> WHAT YOU WILL DO: Copy the listing exactly, leaving out every picture.

> DATA PROVIDED:

__________

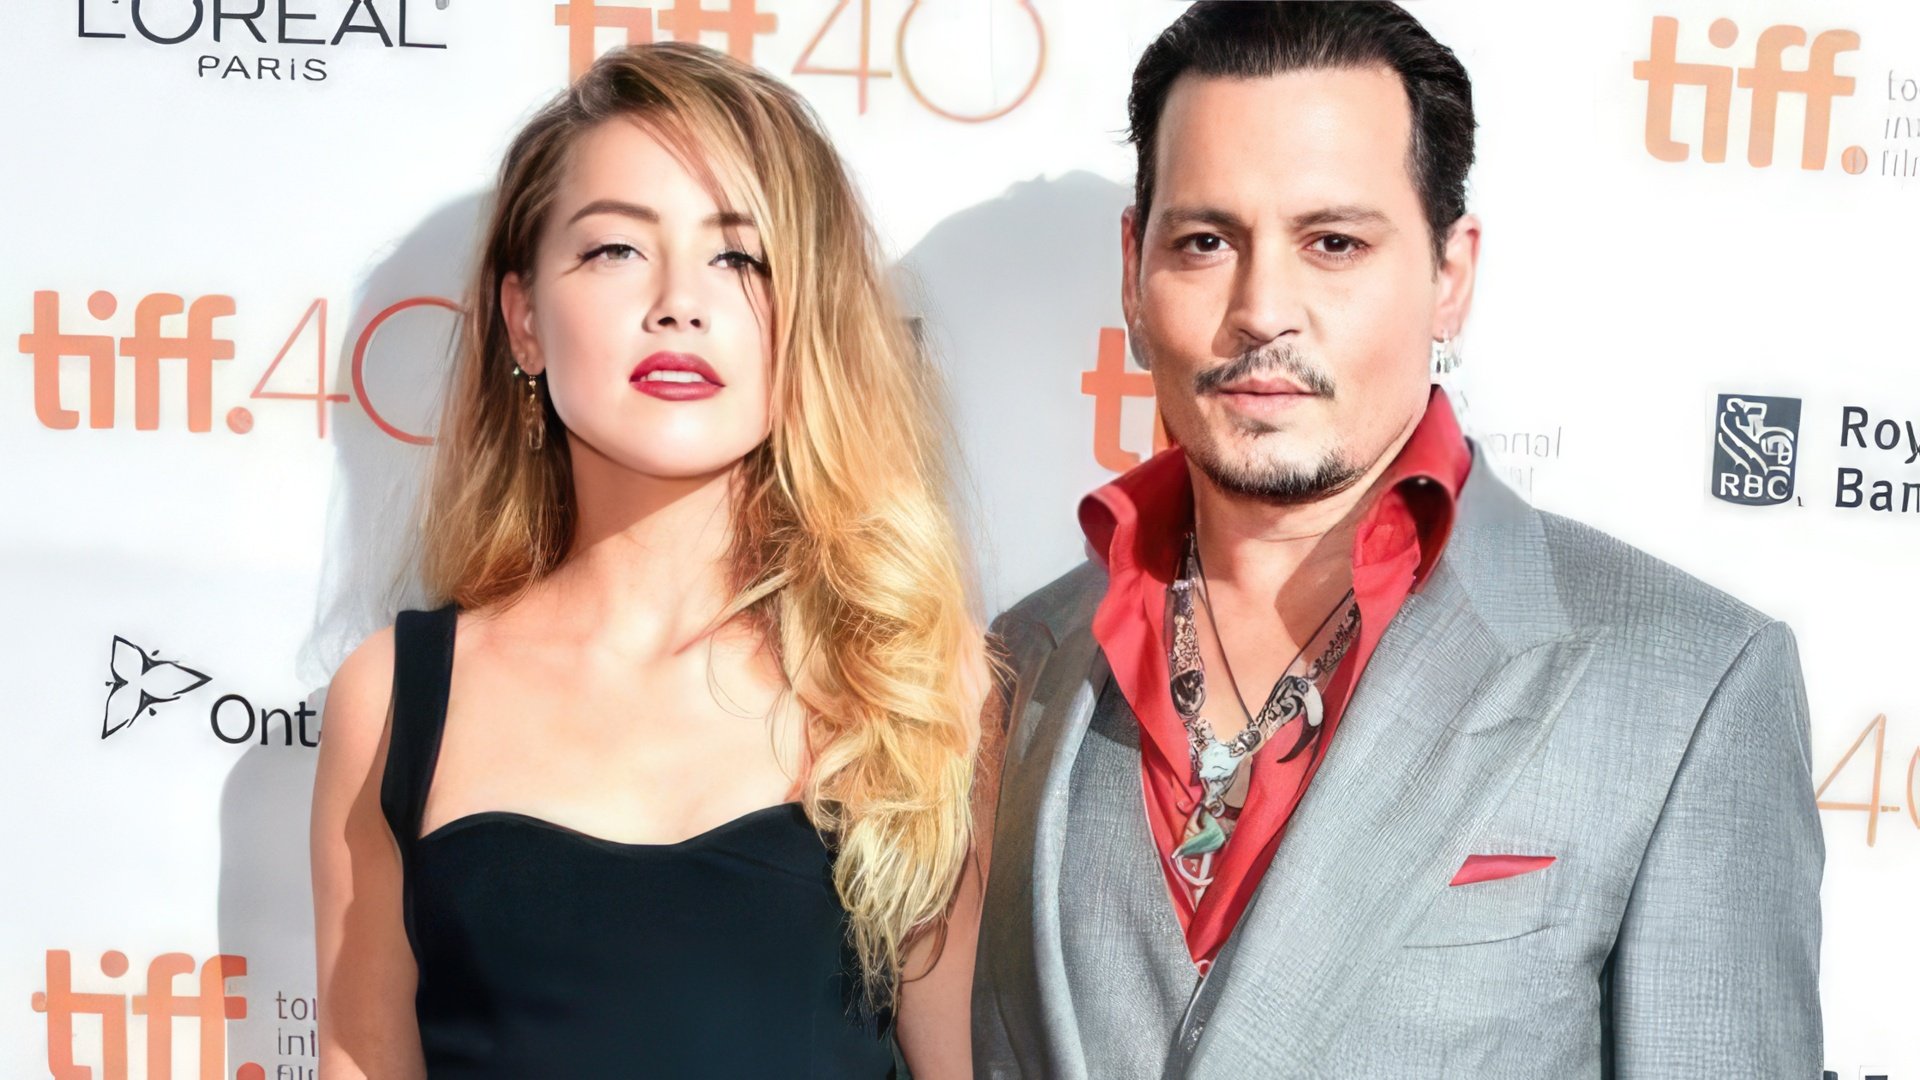 Johnny Depp and Amber Heard broke up in May, 2016
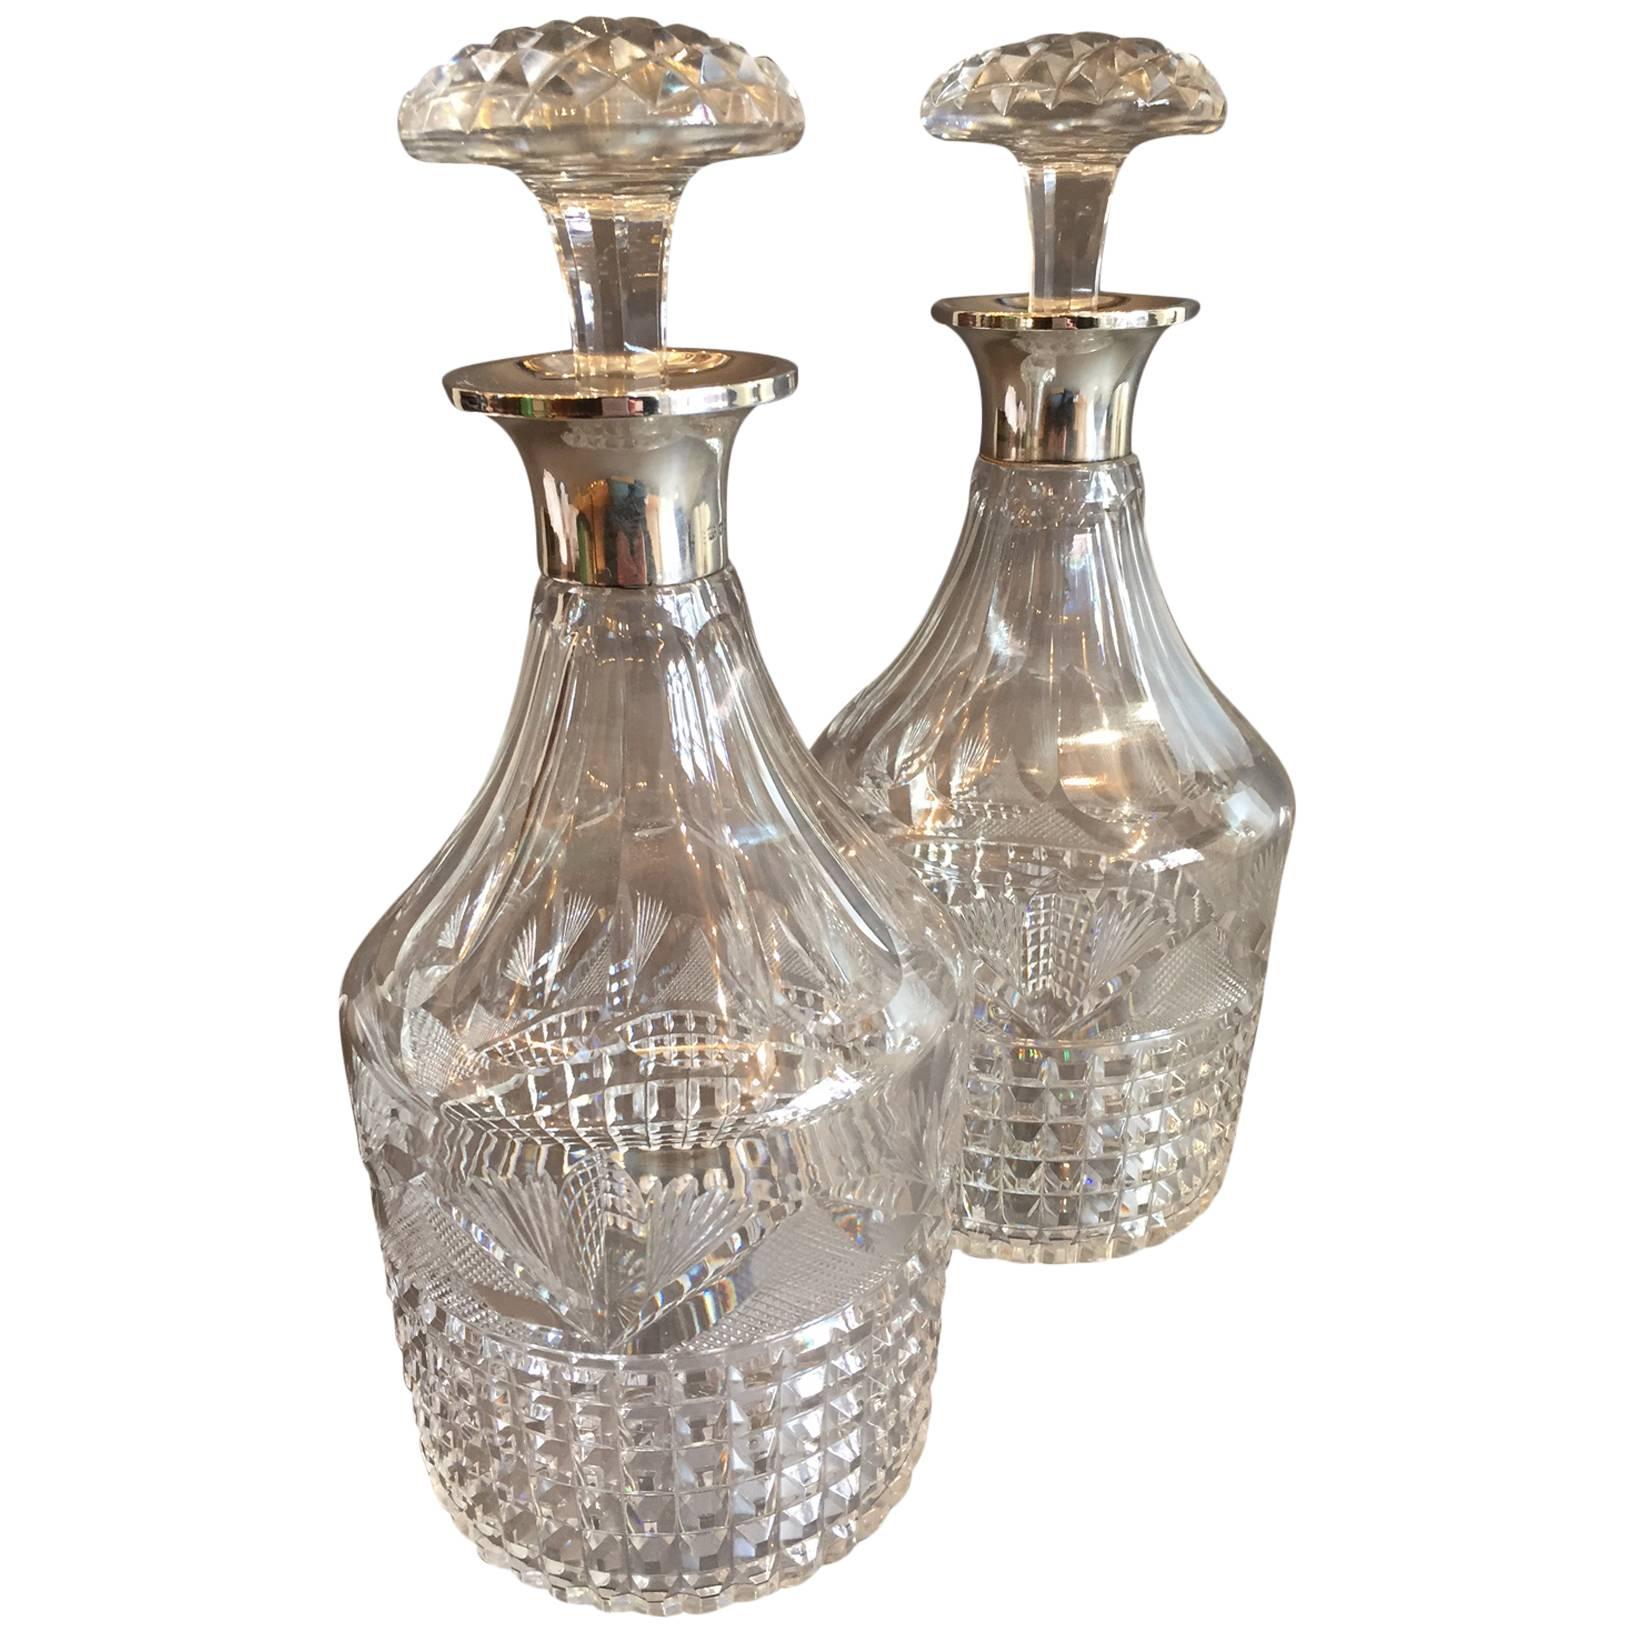 1920s Pair of Round Neck English Silver Decanters
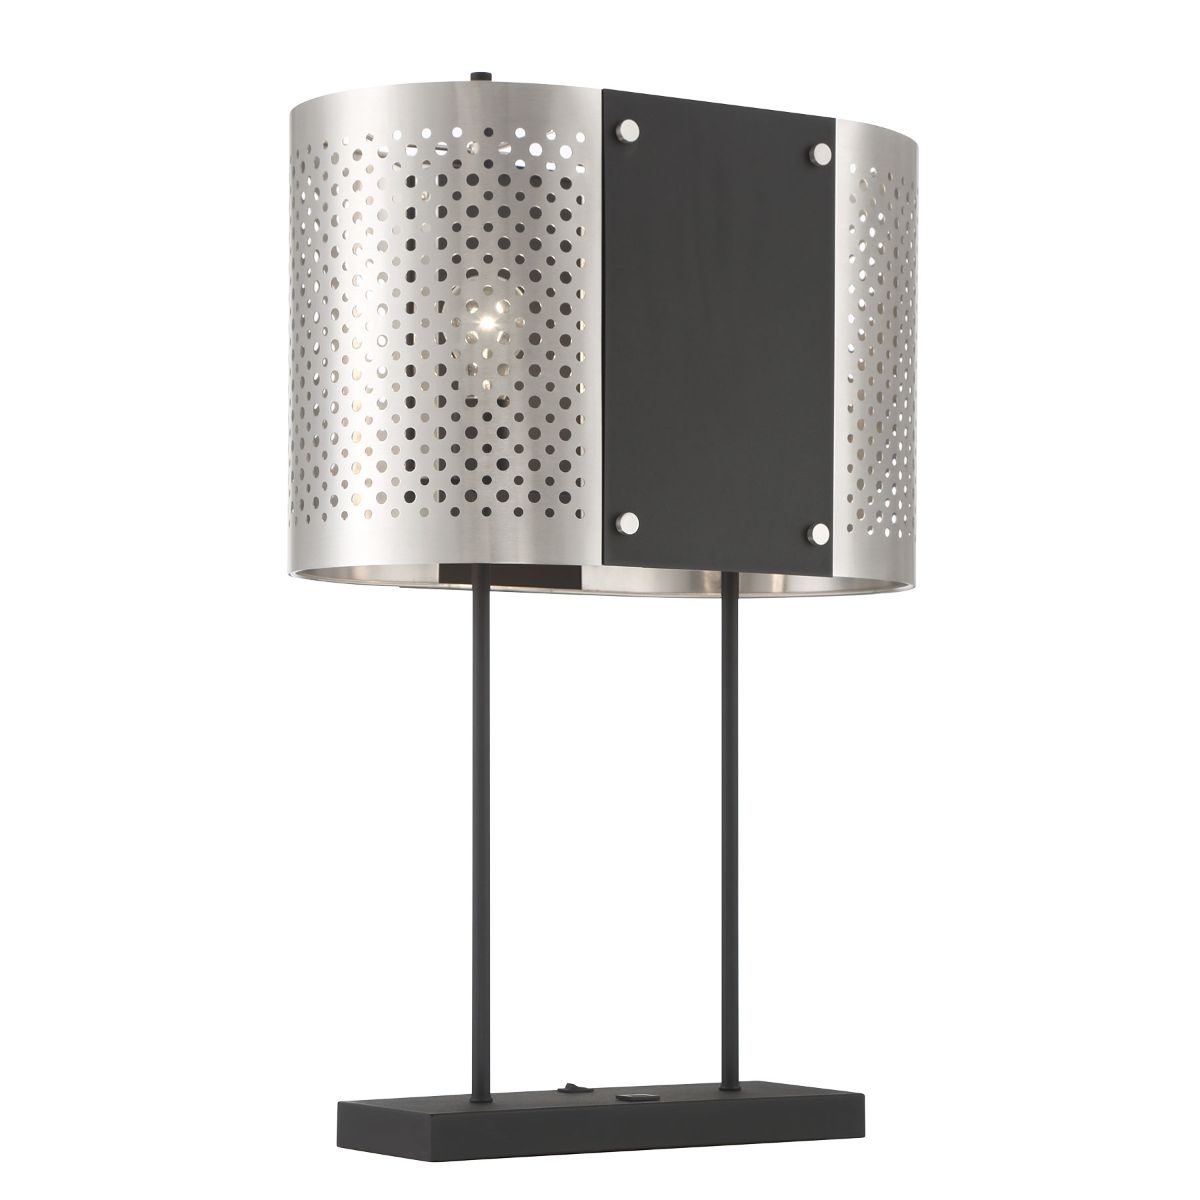 Noho 2 Lights Table Lamp in Steel with a Coal and Brushed Nickel Finish
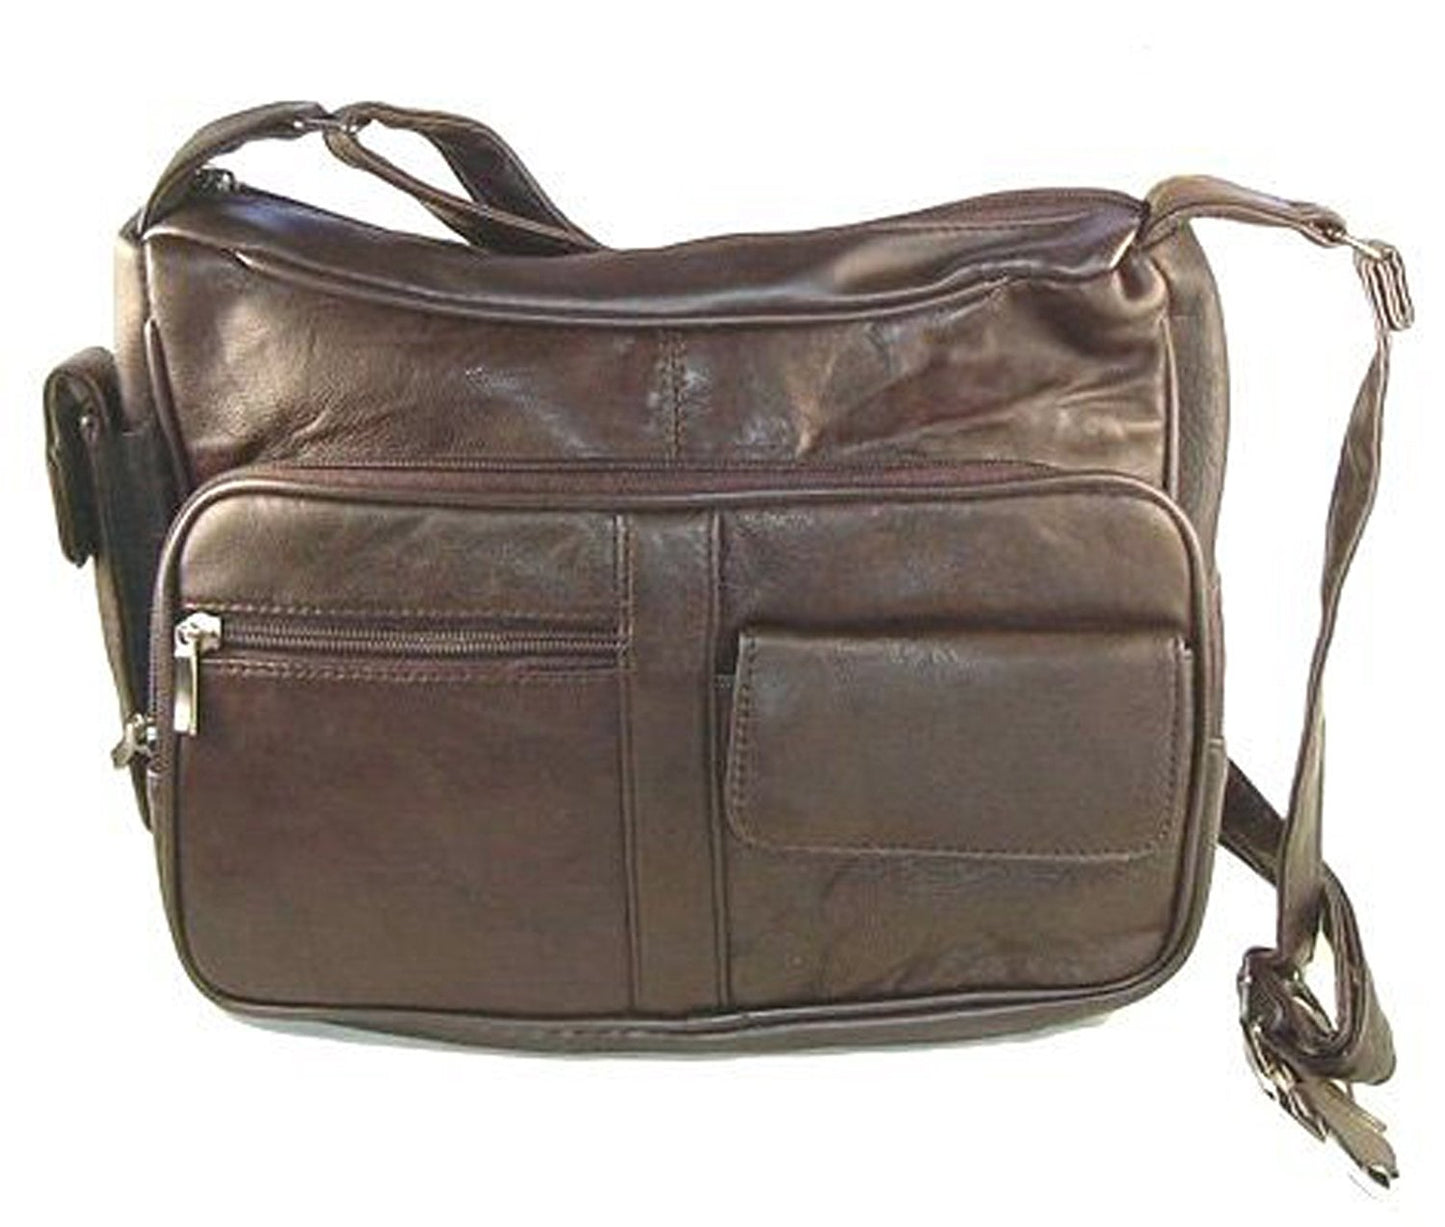 Roma Leathers Brown Leather Crossbody Shoulder Bag

__________

> WRITTEN SOLUTION:
 Johnny Depp and Amber Heard broke up in May, 2016
 1920s Pair of Round Neck English Silver Decanters
 Noho 2 Lights Table Lamp in Steel with a Coal and Brushed Nickel Finish
 Roma Leathers Brown Leather Crossbody Shoulder Bag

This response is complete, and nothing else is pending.